Pharmaceutical Care Service, Ministry of the National Guard - Health Affairs; King Abdullah International Medical Research Center; King Saud bin Abdulaziz University for Health Sciences, Riyadh, Saudi Arabia.
King Saud bin Abdulaziz University for Health Sciences; Department of Biostatistics and Bioinformatics, King Abdullah International Medical Research Center, Riyadh, Saudi Arabia.
Saudi J Kidney Dis Transpl. 2020 Sep-Oct;31(5):1057-1061. doi: 10.4103/1319-2442.301171.
Colistin-induced nephrotoxicity is a well-known major adverse event, which may occur within seven days [early acute kidney injury (AKI)] with a high mortality rate of 70% or after seven days (late AKI). The main objective of this retrospective study is to assess the severity and associated risk factors for the development of colistin-related nephrotoxicity. An observational retrospective cohort study was conducted over 12 months (January-December 2017). All patients with a baseline normal renal function, who received intravenous colistin for >72 h, were included. Nephrotoxicity was defined using the RIFLE criteria (Risk, Injury, Failure, Loss, and End-stage renal disease). The demographic and clinical variables were retrieved from the hospital's electronic medical record system and compiled in an electronic database. All the statistical analysis was carried out by SAS JMP from SAS Institute Inc., Cary, NC. Seventy patients met the inclusion criteria. Colistin-induced nephrotoxicity occurred in 45.71% of the patients, of whom 40.6% were at Risk, 21.9% at Injury, and 37.5% at Failure according to RIFLE criteria. In patients who developed AKI, the average total colistin dose received before AKI was 4.4 mg/kg/day. More than half of the AKI group (53.13%) received an inappropriate total dose of colistin. Age, 65 years and older, was significantly associated with a high risk of nephrotoxicity (P <0.05), which developed within 6.8 ± 0.44 days from receiving a colistin dose. Clinical pharmacy services were consulted in 28.13% of the cases, and the dose was adjusted in 37.5% of the patients. Colistin nephrotoxicity is common and is associated more with older age group and inappropriate dosing.

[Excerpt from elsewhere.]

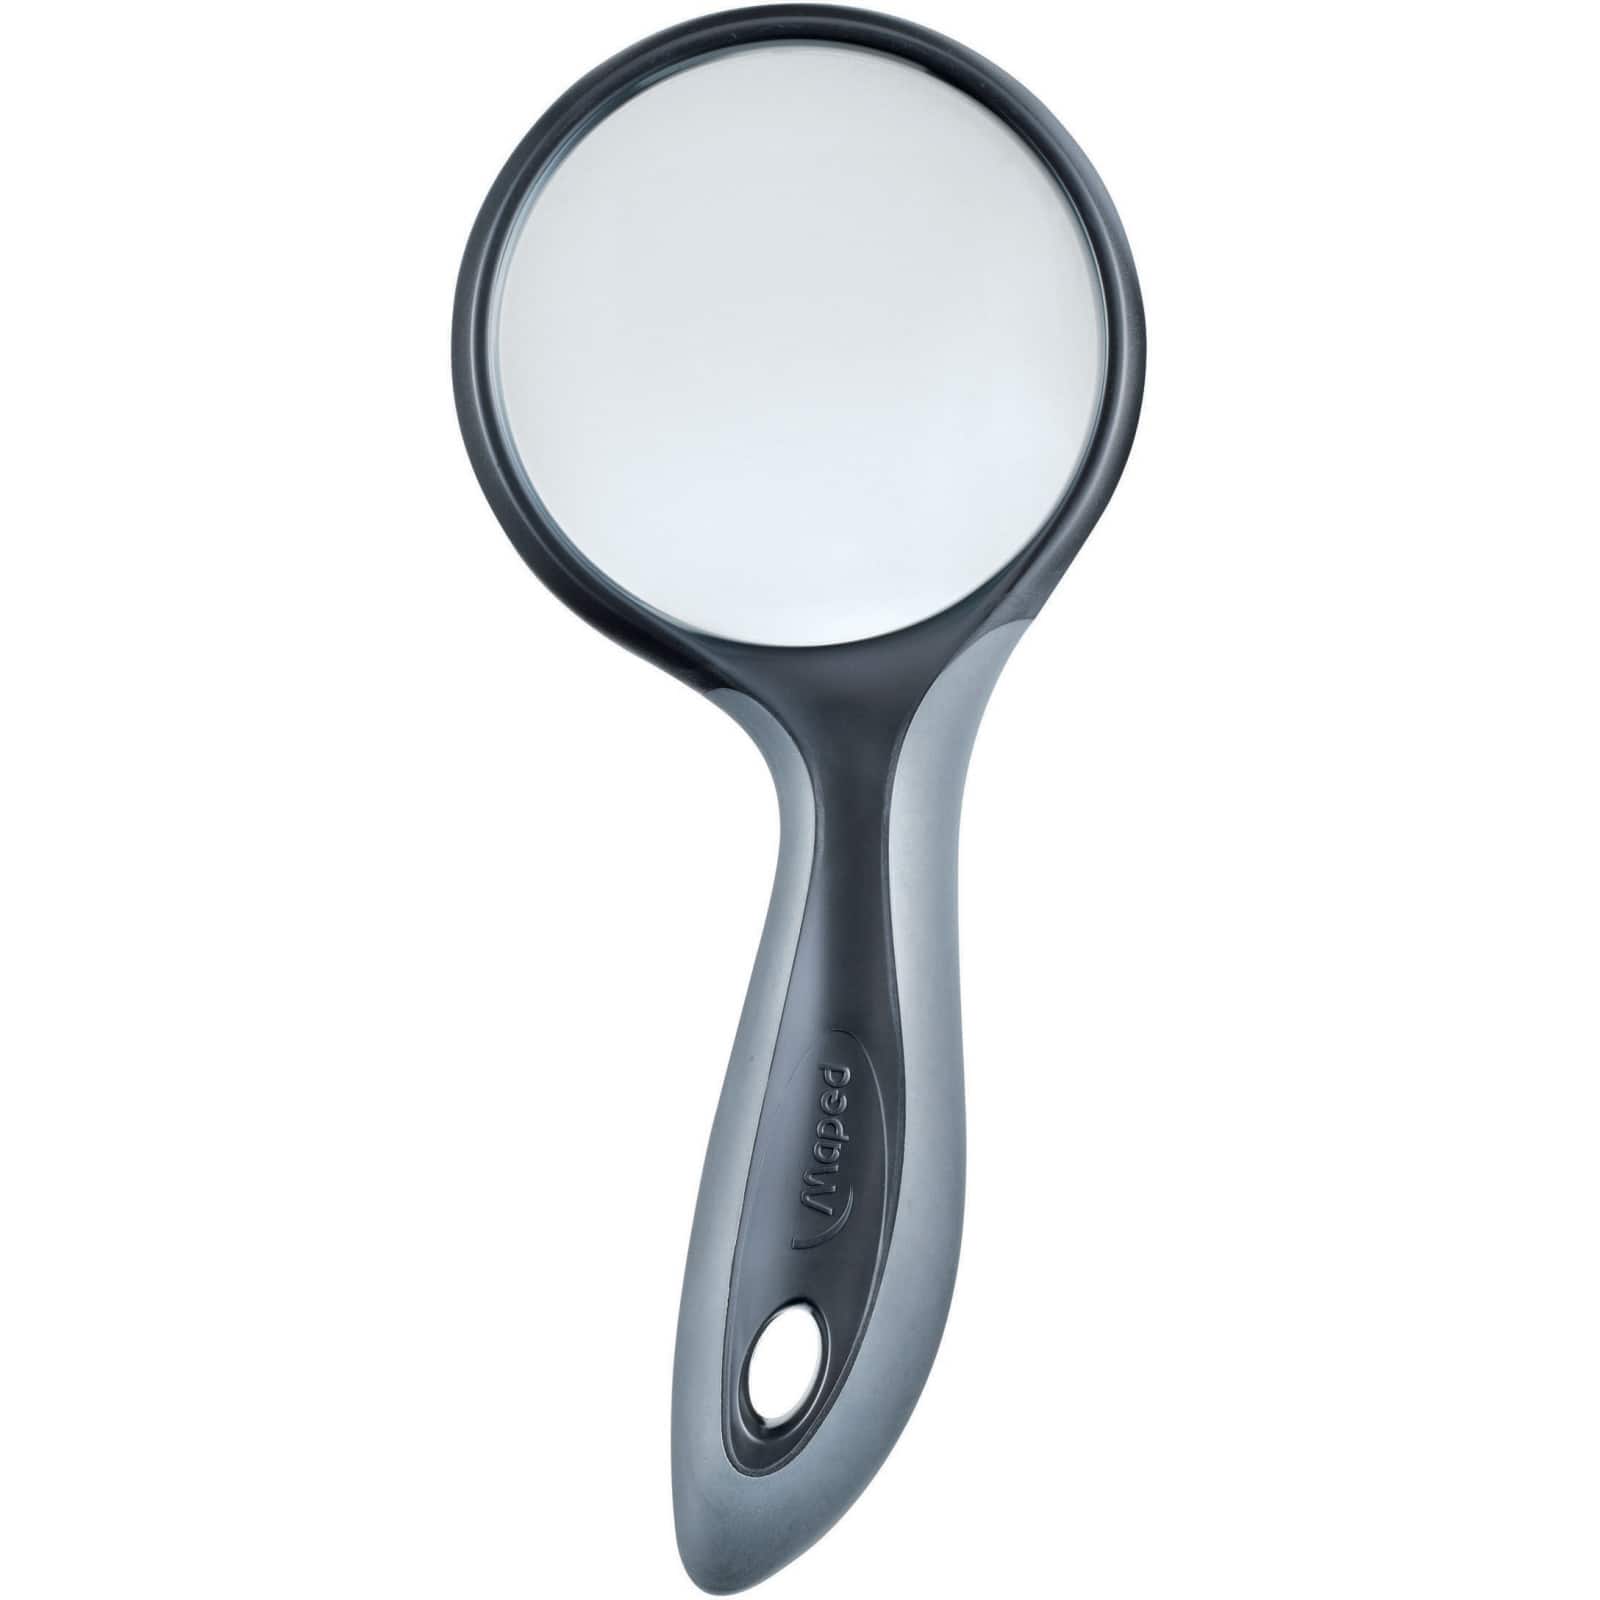 Magnifying Glass Uses: More Than Meets the Eye

黏菌素相关性肾毒性是一种众所周知的主要不良事件,可能在 7 天内发生(早期急性肾损伤[AKI]),死亡率高达 70%,也可能在 7 天后发生(晚期 AKI)。本回顾性研究的主要目的是评估黏菌素相关性肾毒性的严重程度和相关危险因素。一项为期 12 个月(2017 年 1 月至 12 月)的回顾性观察队列研究。所有基线肾功能正常、接受静脉黏菌素治疗超过 72 小时的患者均纳入研究。采用 RIFLE 标准(风险、损伤、衰竭、丧失和终末期肾病)定义肾毒性。从医院的电子病历系统中检索人口统计学和临床变量,并在电子数据库中进行编译。所有统计分析均由 SAS Institute Inc.的 SAS JMP 完成。符合纳入标准的患者共 70 例。45.71%的患者发生黏菌素相关性肾毒性,其中 40.6%为风险,21.9%为损伤,37.5%为衰竭。在发生 AKI 的患者中,发生 AKI 前平均总黏菌素剂量为 4.4mg/kg/d。超过一半的 AKI 组(53.13%)接受了不适当的总黏菌素剂量。65 岁及以上的患者年龄与肾毒性风险显著相关(P<0.05),在接受黏菌素剂量后 6.8±0.44 天内发生。28.13%的病例咨询了临床药学服务,37.5%的患者调整了剂量。黏菌素相关性肾毒性很常见,与年龄较大的患者群体和不适当的剂量有关。